Safe to say, everyone was pooped after 90 minutes, but all were happy to be back.
“There’s so much excitement among the girls to be able to play,” Larry Meader, varsity girls’ basketball coach, said of the 28 girls out for basketball. “They all just want to be there. They’ve adjusted to mask-wearing. None of us are complaining. We’re all happy to be able to be here.”
Along with the school board’s decision to start winter sports, was the unanimous decision to have board members Dr. Michelle Capozzoli and Randy Davison along with Superintendent Kevin Richard reassess how things are going after two weeks and provided schools are still offering face-to-face learning they will continue through the winter.
KHS Athletic Director Neal Weaver and Athletic Trainer Colby Locke, from Mountain Center Physical Therapy, were both in the gym on Tuesday. There was a little bit of trash talk between the two as they were squaring off in their fantasy football semifinals, but both were happy to see sports return. They were the unsung heroes in pulling off fall sports, and have set up similar protocols and phased-in approaches to the winter season.

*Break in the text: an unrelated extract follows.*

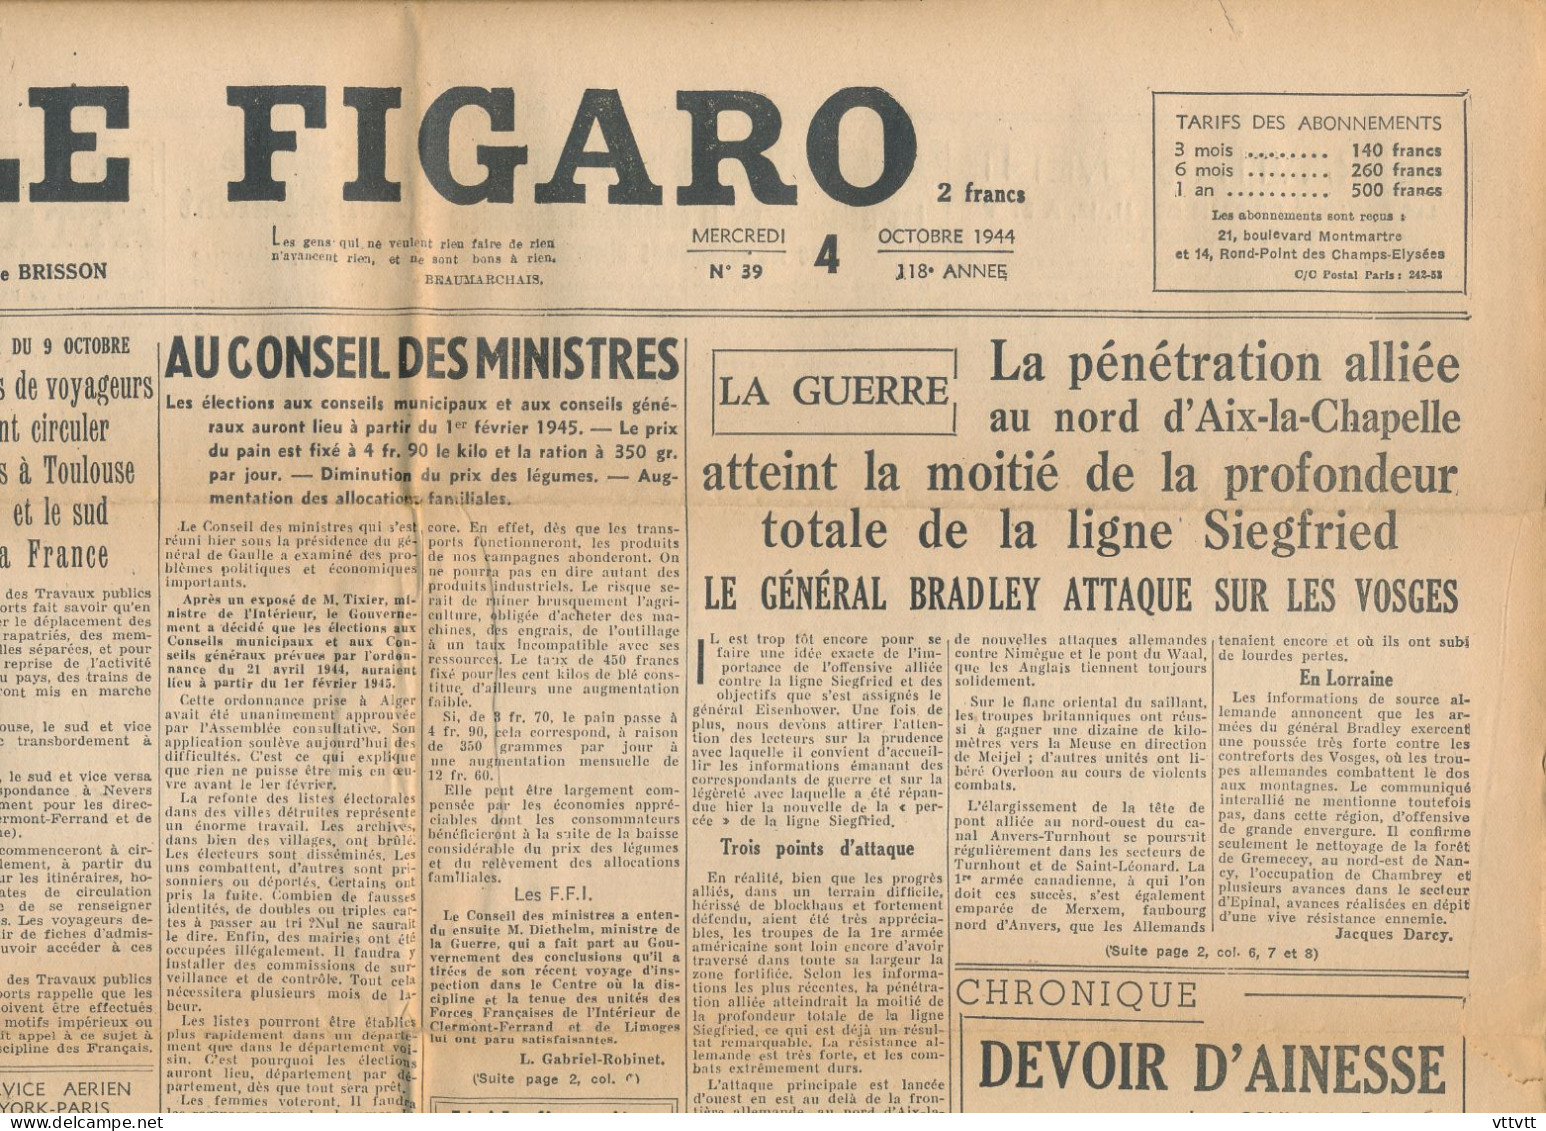 LE FIGARO, Mercredi 4 Octobre 1944, N° 39, Train Paris-Toulouse-Lyon, Guerre Aix-la-Chapelle, Conseil Des Ministres... - Informations Générales

Neal and Colby have done such an incredible job making sure that we could safely start,” said Meader. “I have a ton of confidence in them and the protocols we have in place.”
Under the phased-in approach, games would not take place until the second week in January with the Kennett teams playing a regionalized schedule, much like in the fall. The New Hampshire Interscholastic Athletic Association had an open tournament last fall for multiple sports with everyone making the playoffs and initially playing in a regionalized cluster in the opening rounds of post-season play.
“The next step will be winter sports events guidelines which will be finalized over the next couple of weeks for competitions beginning in January,” Weaver said.
Finger’s crossed we continue to take the next steps.